Write the listing below out again word for word, without a single picture.

==== Data excerpt

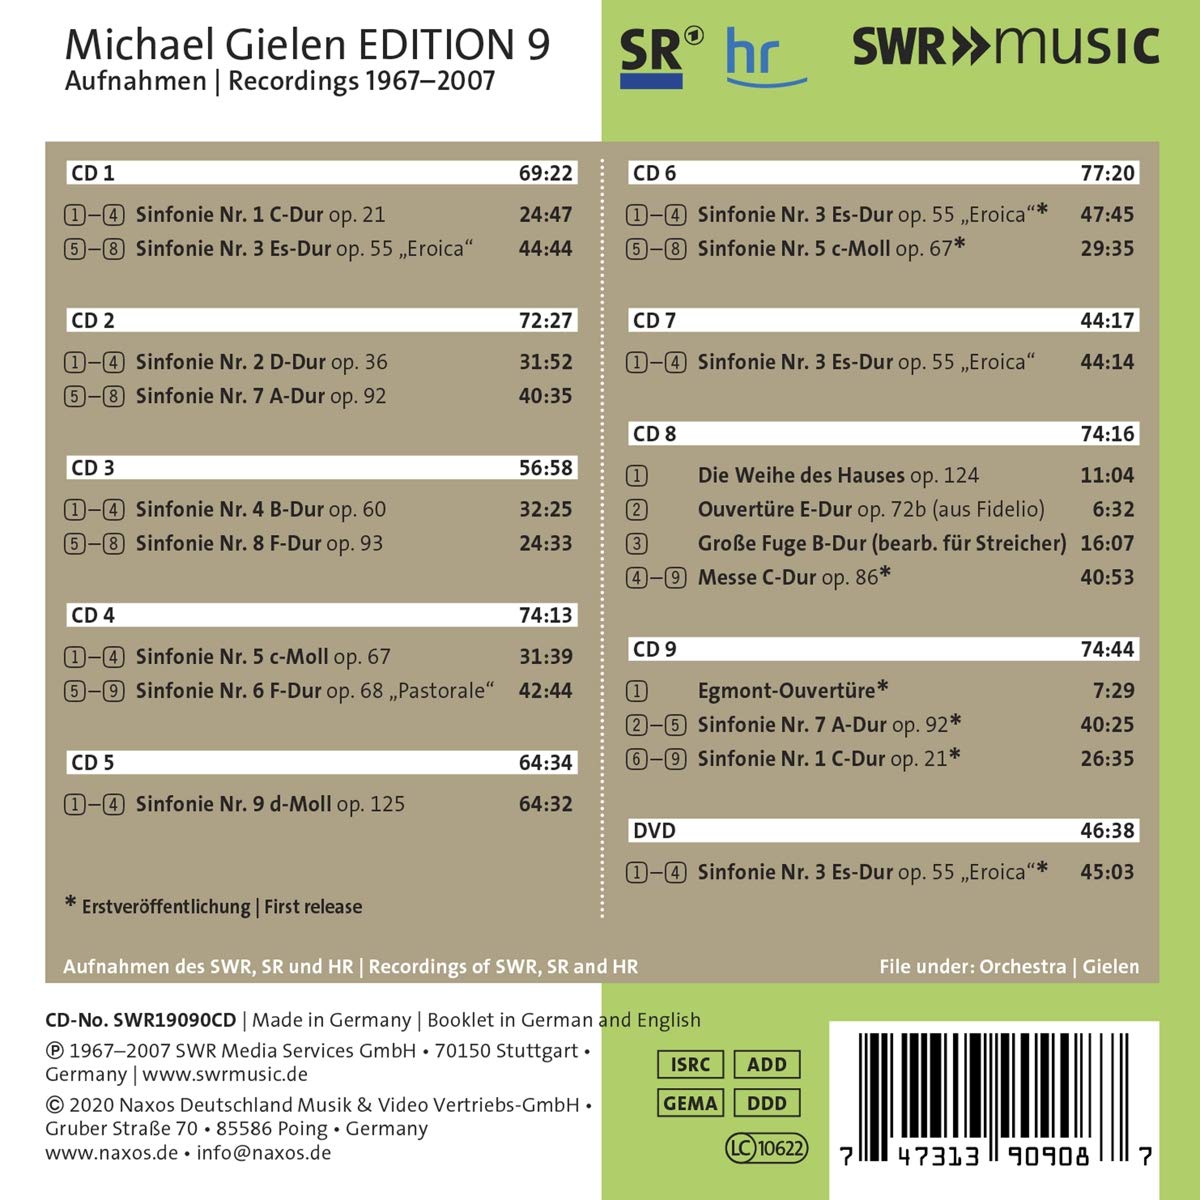 미하엘 길렌 에디션 9집 - 베토벤: 교향곡 전곡 (Michael Gielen Edition Vol. 9 1967-2007) 
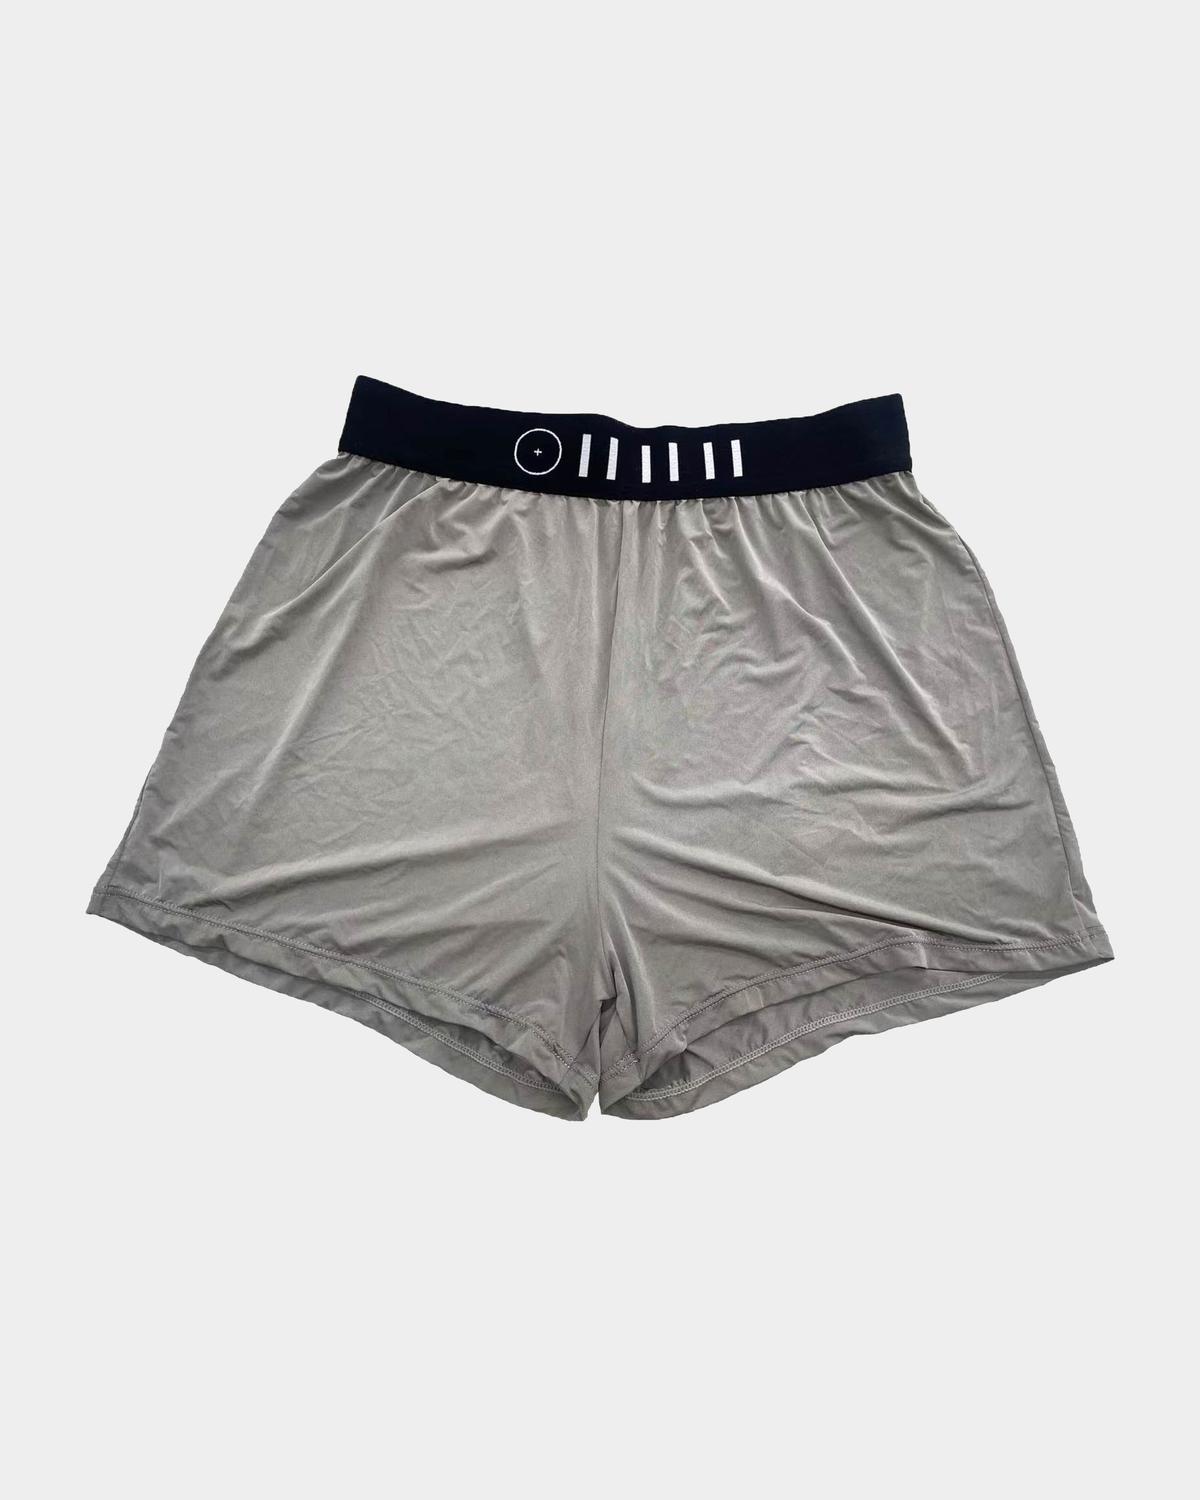 Protency Boxer Shorts
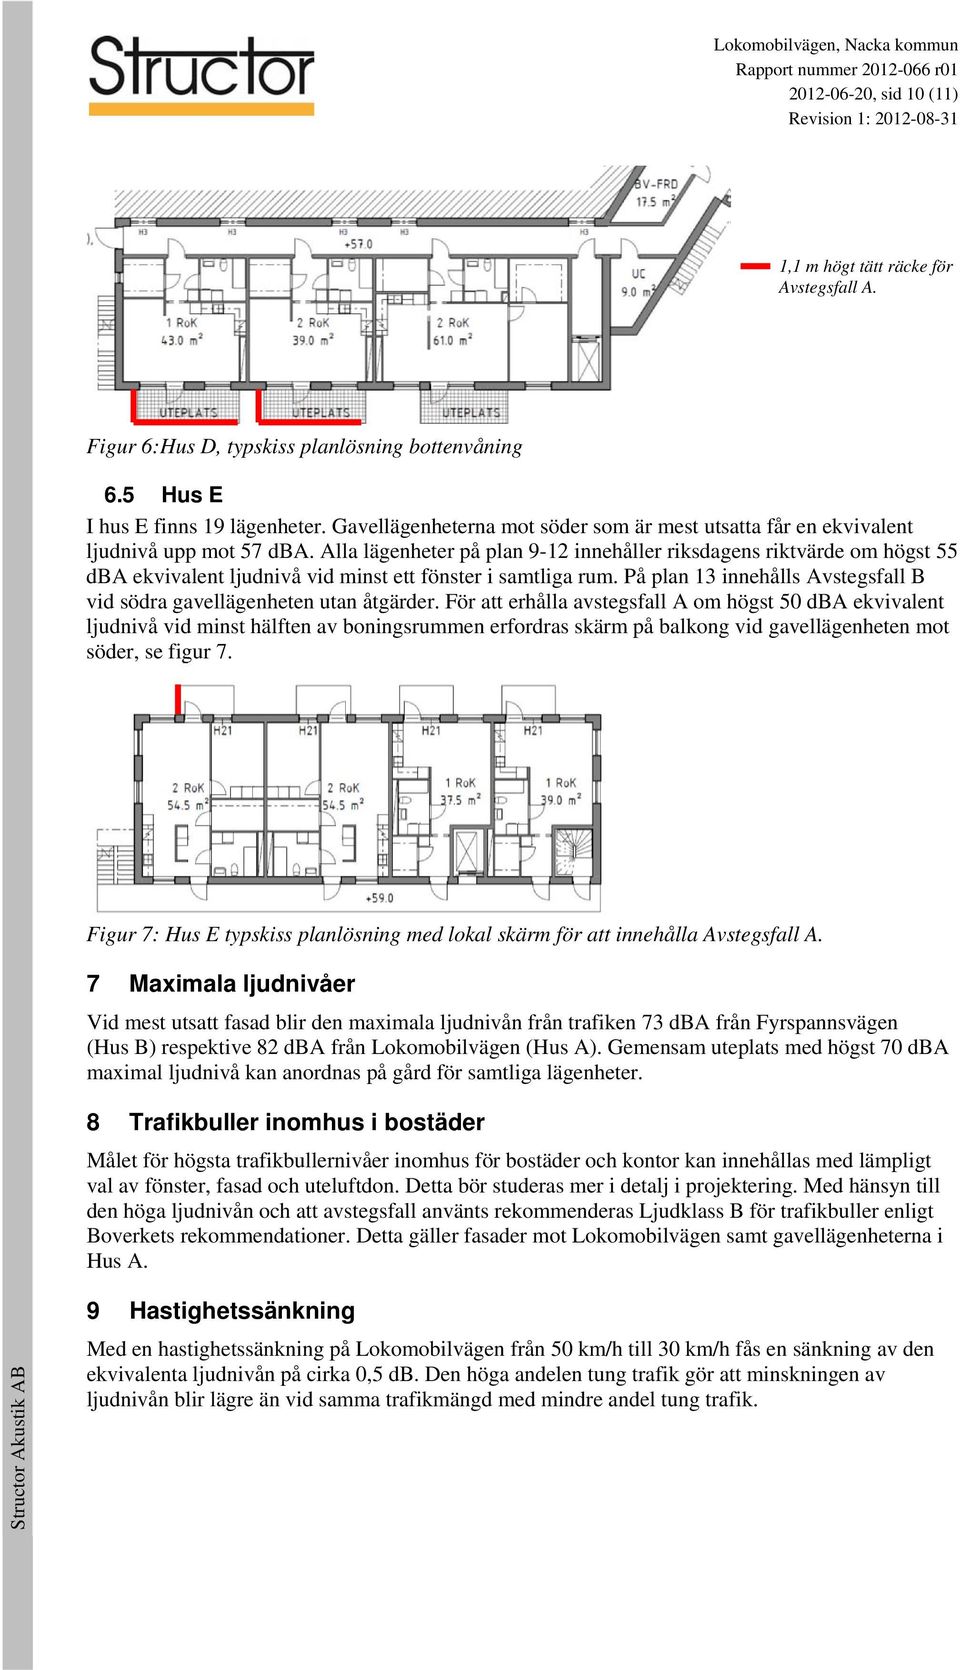 Alla lägenheter på plan 9-12 innehåller riksdagens riktvärde om högst 55 dba ekvivalent ljudnivå vid minst ett fönster i samtliga rum.
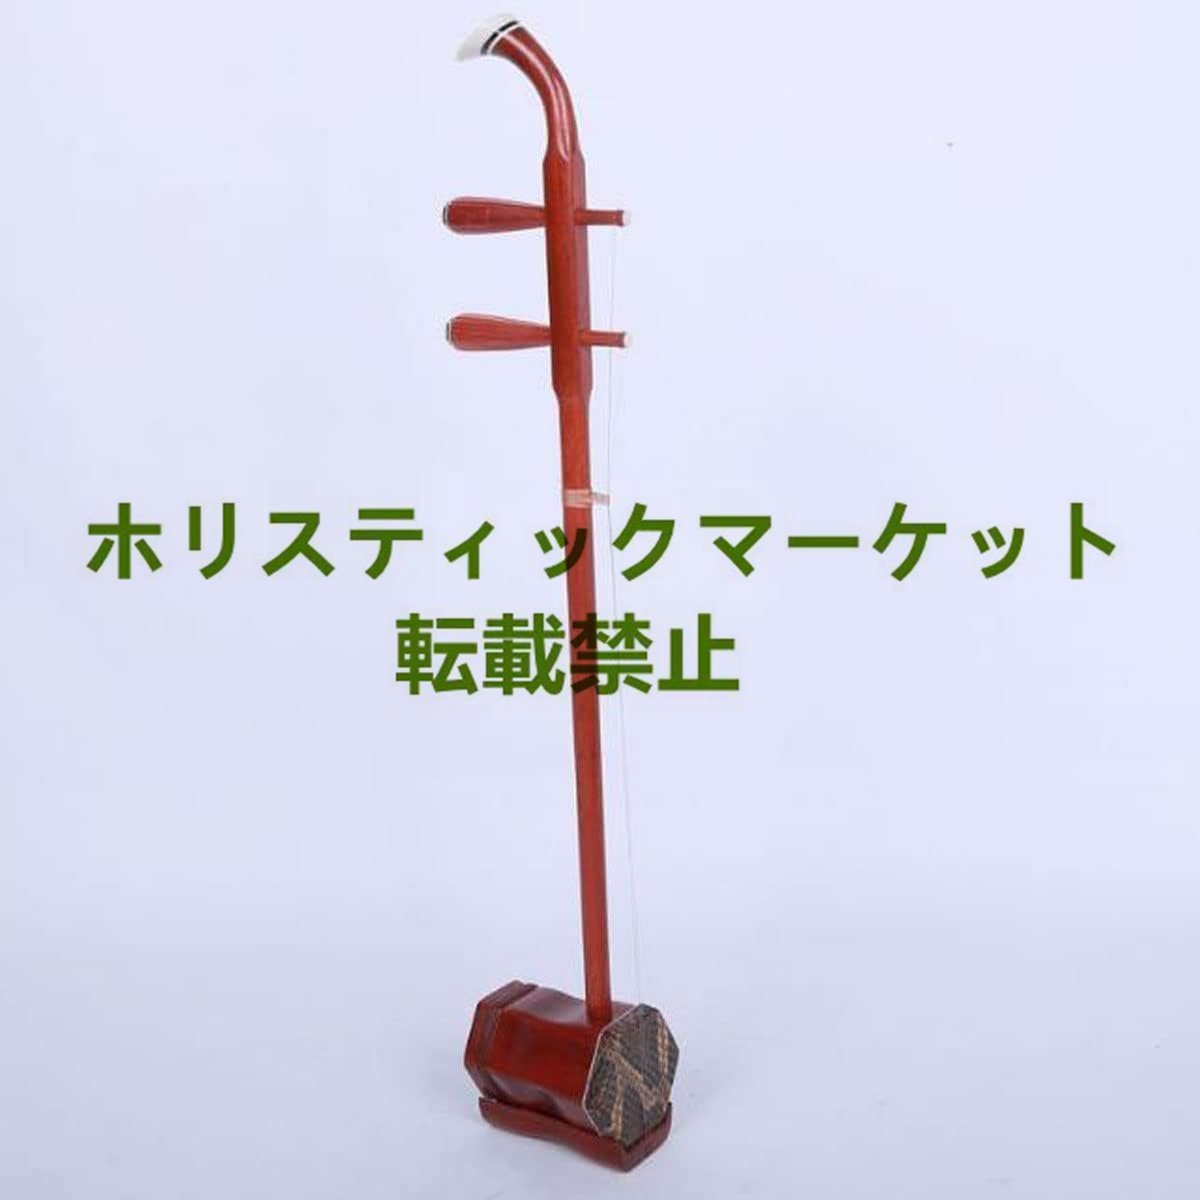  прекрасный товар * высокое качество *.. 2 .. дерево China музыкальные инструменты 2 . kokyu не использовался полужесткий чехол комплект

========

• Response below:
 미하엘 길렌 에디션 9집 - 베토벤: 교향곡 전곡 (Michael Gielen Edition Vol. 9 1967-2007) 
 Protency Boxer Shorts
 Alla lägenheter på plan 9-12 innehåller riksdagens riktvärde om högst 55 dba ekvivalent ljudnivå vid minst ett fönster i samtliga rum.
  прекрасный товар * высокое качество *.. 2 .. дерево China музыкальные инструменты 2 . kokyu не использовался полужесткий чехол комплект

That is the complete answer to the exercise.